Mr Watana said his party is ready to contest the election.
He brushed aside concerns about the possible emergence of military-backed political parties.
More party choices are good for the public, he said, adding Pheu Thai wants to ensure there are no abuses of power in a bid to interfere with the election.
Meanwhile, Democrat Party leader Abhisit Vejjajiva expressed concern about an ongoing order banning political parties from holding certain activities.
Speaking at a ceremony marking the party's 71st anniversary, the former premier said he is waiting for a response from the National Council for Peace and Order (NCPO) on its fate, and believes the order will gradually be eased.
Until that time, the party will focus on preparing new personnel and policies, he said.
Referring to reports the Election Commission (EC) has begun dividing constituencies in preparation for the general election, Mr Abhisit said that even if the poll is held next year, the EC must not seek to redraw lines from the end of 2017.
Bhumjaithai Party leader Anutin Charnvirakul said he was confident Thailand would now return to democratic rule with the King as head of state.
His party now has 12 to 18 months to prepare for the upcoming polls in line with the regulations laid out under the new charter, he said.

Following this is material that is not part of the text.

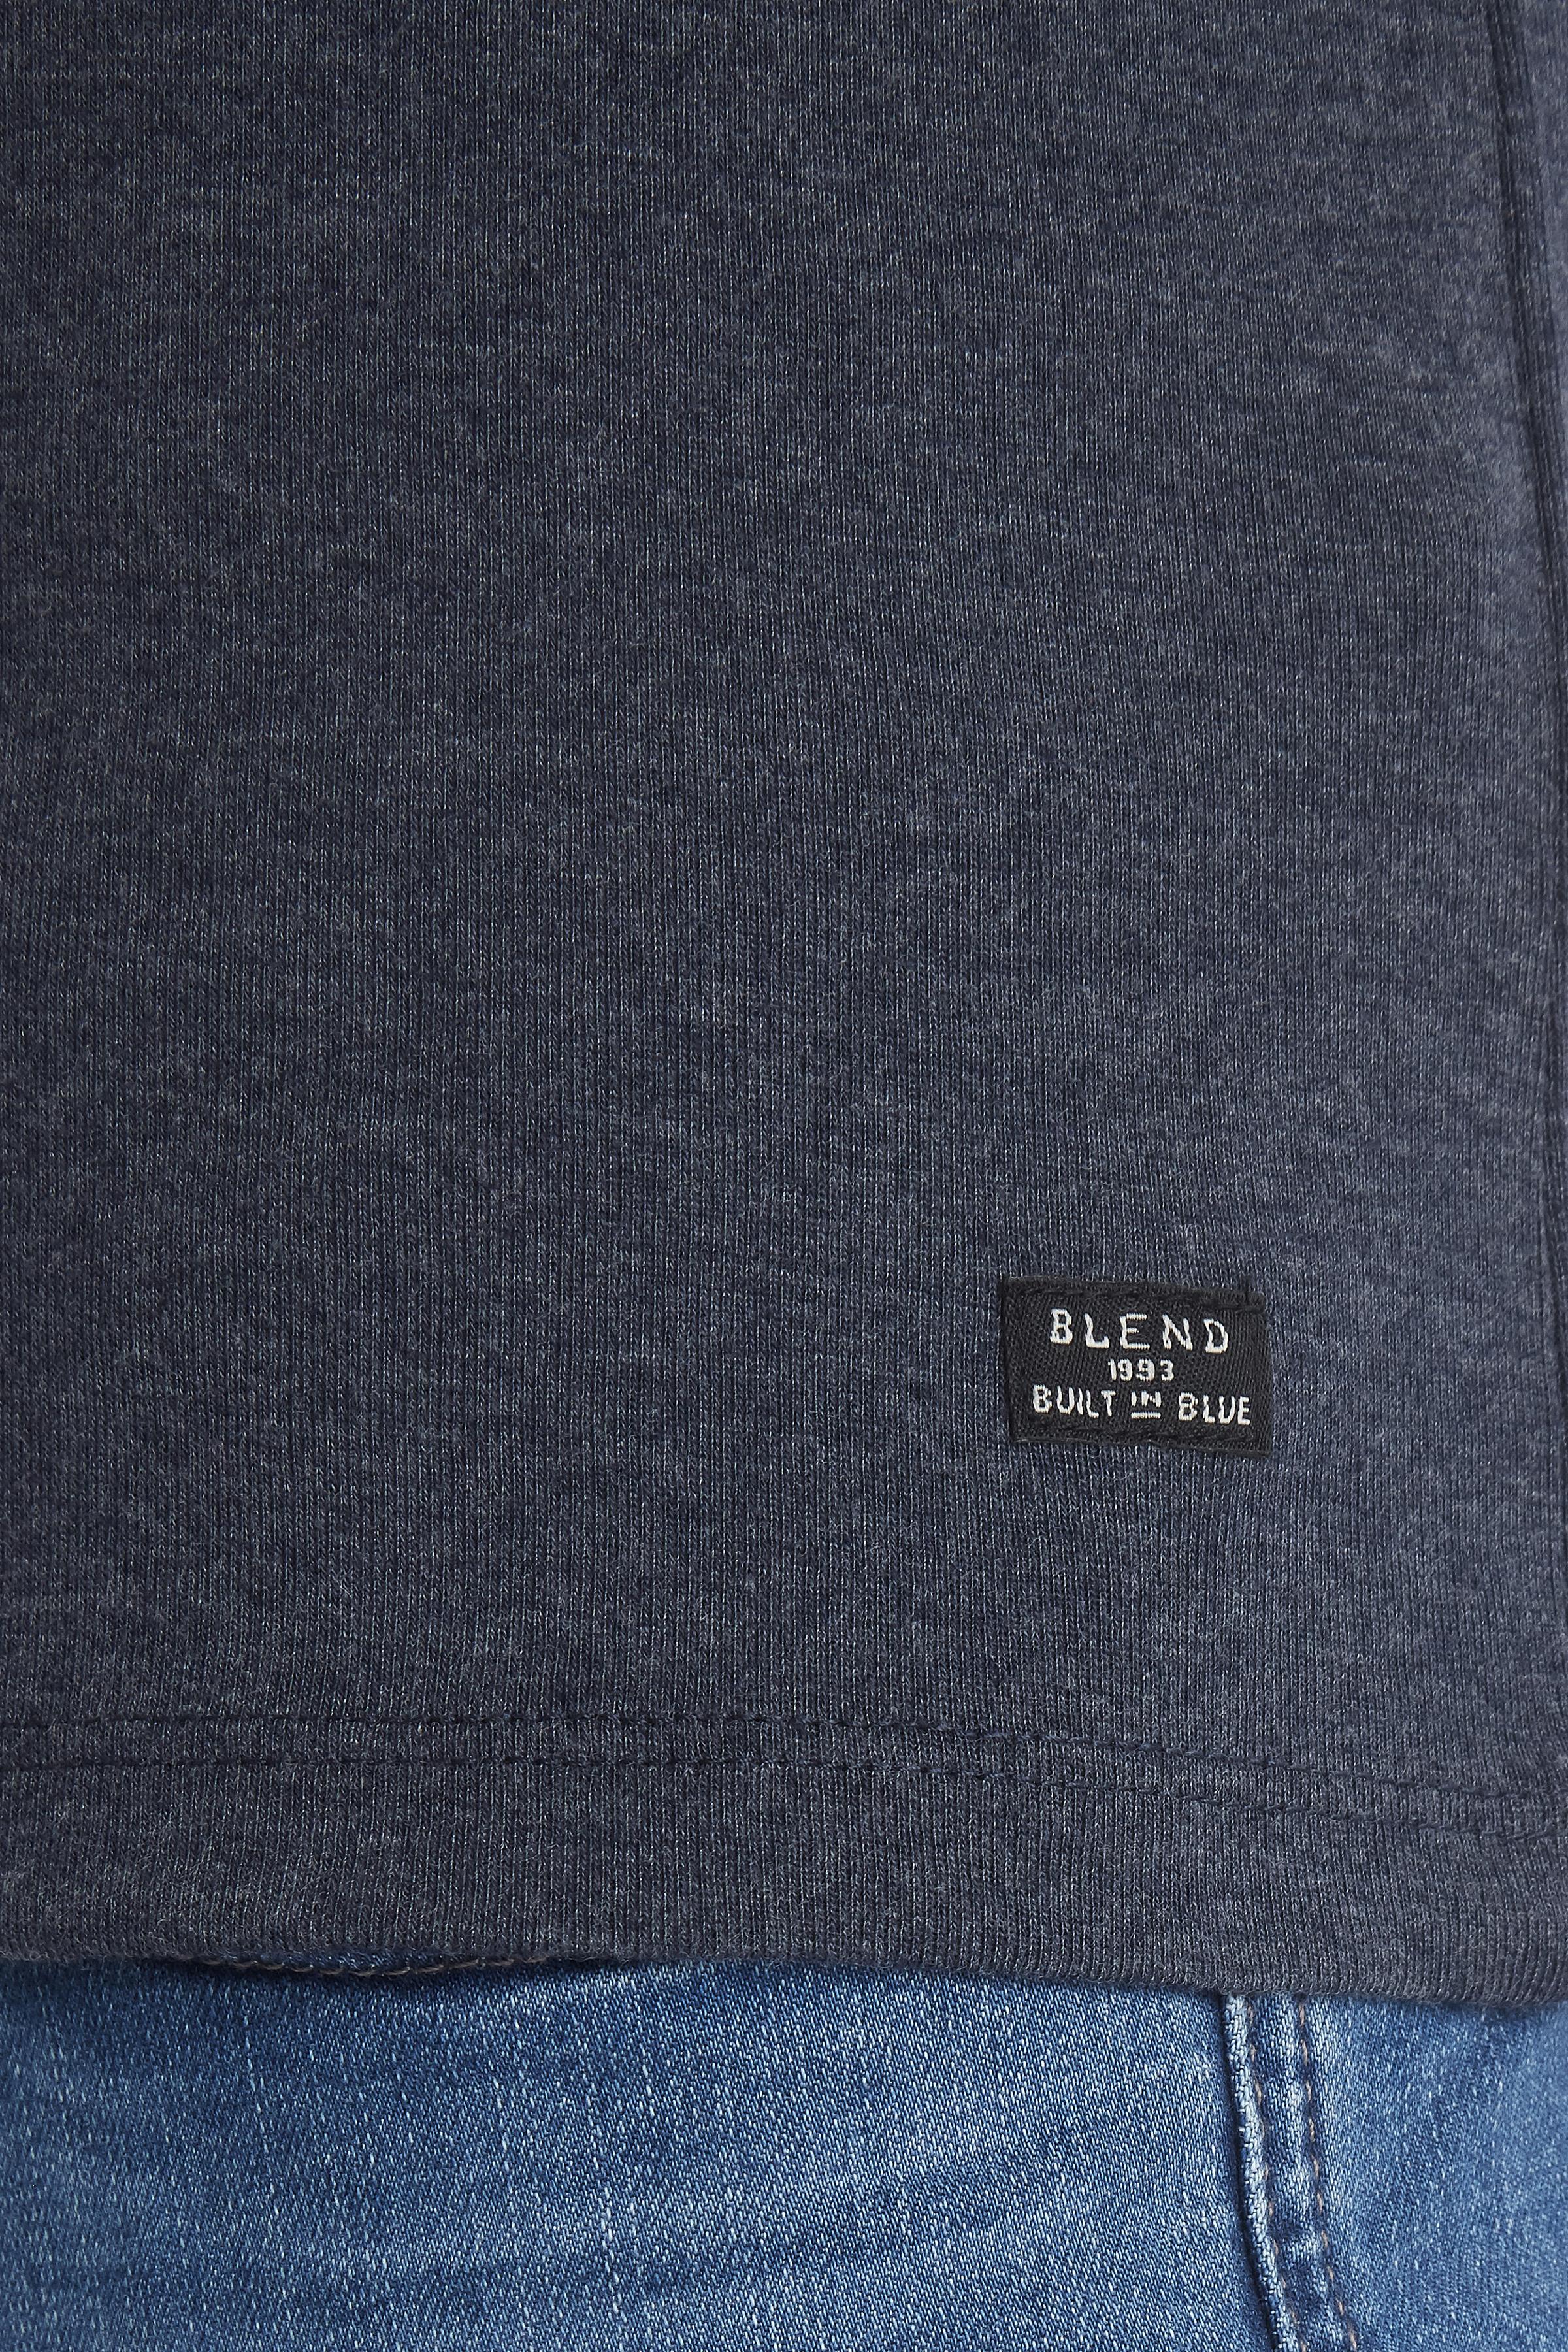 Navy T-shirt – Køb Navy T-shirt fra str. XS-3XL her

Mr Anutin said his party will work on fine-tuning the details of four key policies that will be of the most benefit to the general public in the lead-up to the poll.
It is necessary for Bhumjaithai to field its candidates in all constituencies because all votes carry weight under the new charter, he added.
Referring to his relationship with the other political parties, he said Bhumjaithai is not in conflict with any of them.
The election results will dictate whether or not the party decides to join a coalition government, he added.
"We are ready to serve in any role," Mr Anutin said.
"If we become part of the government but can't get anything done then I would rather see us become an opposition party, as at least we could contribute more to the public in this role by providing the proper level of oversight," he added.
He dismissed rumours that Bhumjaithai has invited members of the National Reform Steering Assembly (NRSA) to join its ranks in the lead-up to the poll.
"No, it's not true. We are already happy with what we have now," he said.